У одной из помп он увидал два ведра с водой и какой-то инстинкт заставил его вылить их на себя. Затем он ринулся к лестнице и побежал по ней с быстротою и ловкостью хорошего марсового, одним духом взлетавшего на марс.
В первые минуты он почти не чувствовал охватившего его огня и дыма.
Толпа ахнула и замерла.
Глаза всех были устремлены на этого маленького белобрысого человека, бежавшего, казалось, на верную смерть. Многие женщины рыдали.
Но вот он у окна. Вот он схватывает ребенка…
Крик радости и одобрения, вырвавшийся из тысячи людских грудей, потрясает воздух.
Очнувшись, мать с надеждой жадно смотрит наверх: слезы мешают ей видеть, как Чайкин прикрыл ребенка своим пиджаком и плотно прижал его к своей груди.
Но спускаться было не так легко, как подняться.
Весь обожженный, чувствуя невыносимую боль, но полный той несокрушимости духа, которая дает силы превозмогать физические страдания, он спускается вниз, крепко прижимая к груди своей ношу…
На половине дороги силы его падают… Он задыхается от дыма и чувствует, что волосы его горят… Но пожарные догадались пустить в него снизу струю воды из брандспойта, и он почувствовал облегчение и двинулся дальше…

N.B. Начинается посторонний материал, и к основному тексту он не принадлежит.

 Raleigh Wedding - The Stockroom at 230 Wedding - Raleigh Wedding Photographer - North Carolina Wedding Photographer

Еще несколько ужасающих минут — и оглушительное ура раздается в воздухе.
Мать схватывает ребенка и хочет благодарить спасителя, но он, весь почерневший, с обгорелыми ногами, едва ступивши на землю, падает без чувств.
Его окружает толпа. Все хотят взглянуть на этого бесстрашного человека, так дорого поплатившегося за подвиг… Всем хочется узнать его имя…

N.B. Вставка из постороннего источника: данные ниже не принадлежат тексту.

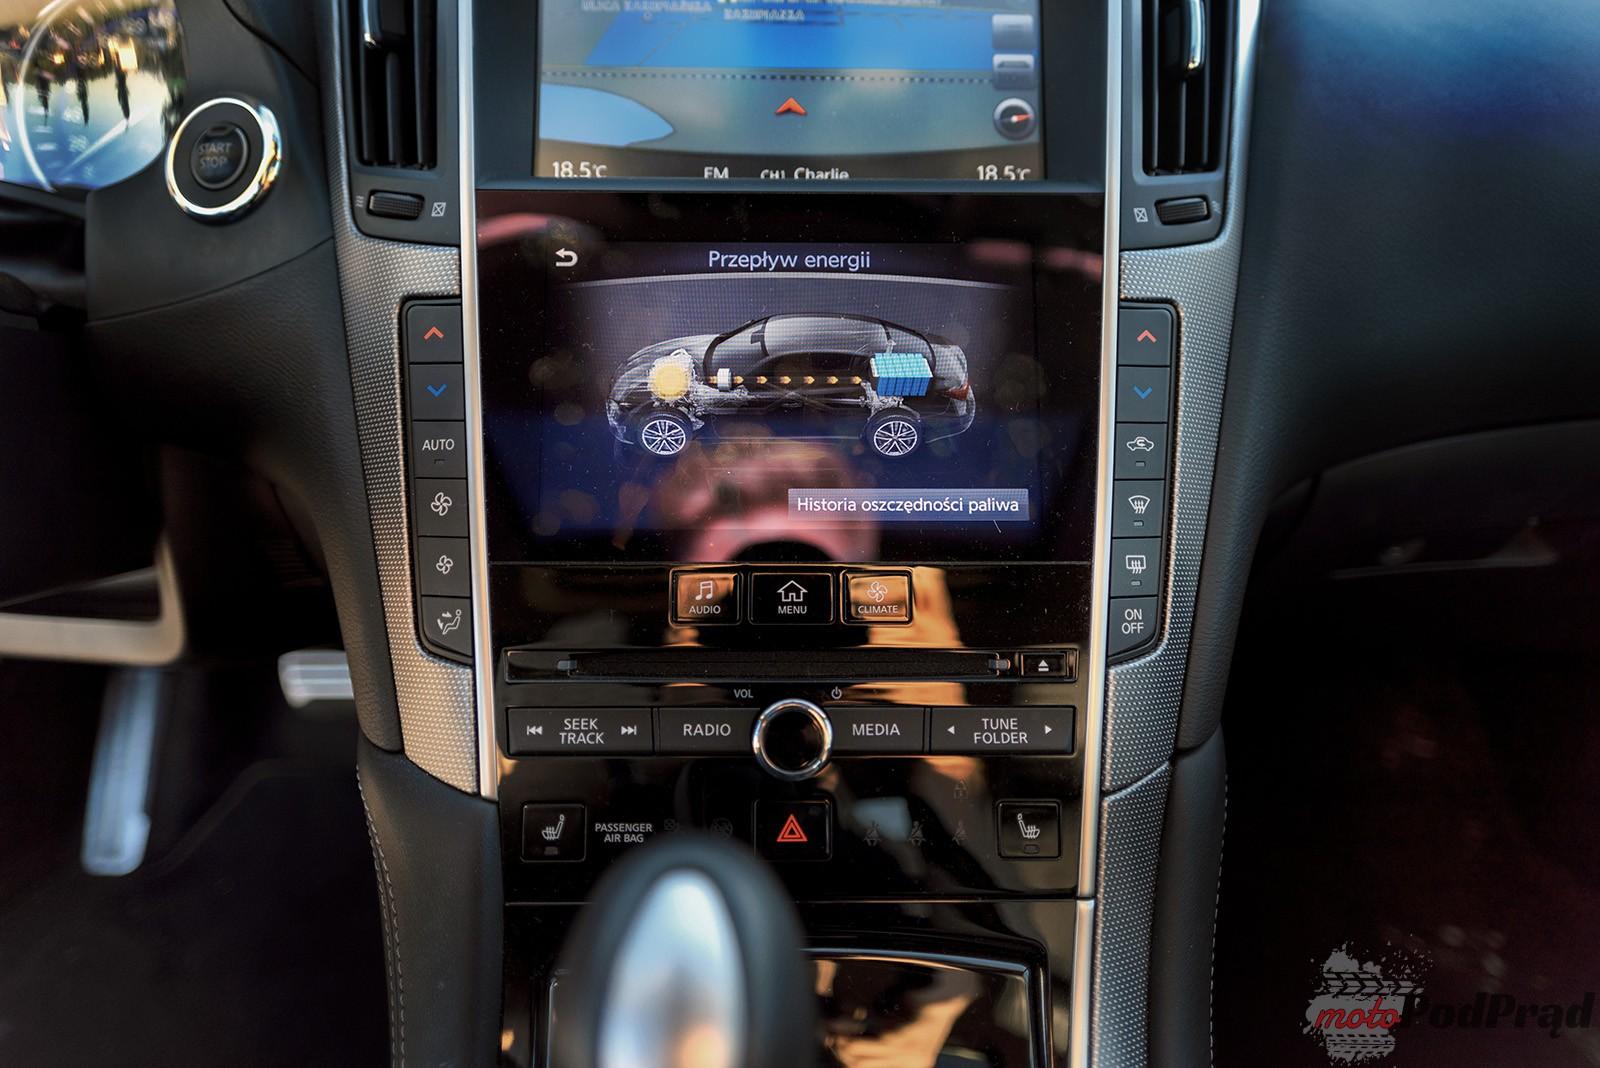 Infiniti Q50 17 Test: Infiniti Q50 S Hybrid   nie tylko Europa

Но в эту минуту приносят носилки, и Чайкина бережно кладут на них и несут в госпиталь…
Целая толпа сопровождает его.
— Что, он жив? — спрашивают друг у друга.
Доктор, шедший рядом с носилками, отвечает, что жив.
— Может поправиться?
Доктор пожимает плечами.
В эту минуту к носилкам подбегает Макдональд-Дэк. Заглянув в лицо Чайкина, он восклицает:
— Я так и думал… Это Чайк!..
— Кто он такой? — спросил у Макдональда какой-то господин.
— Русский эмигрант… матрос…
Господин поспешно стал записывать сообщенное известие в записную книжку.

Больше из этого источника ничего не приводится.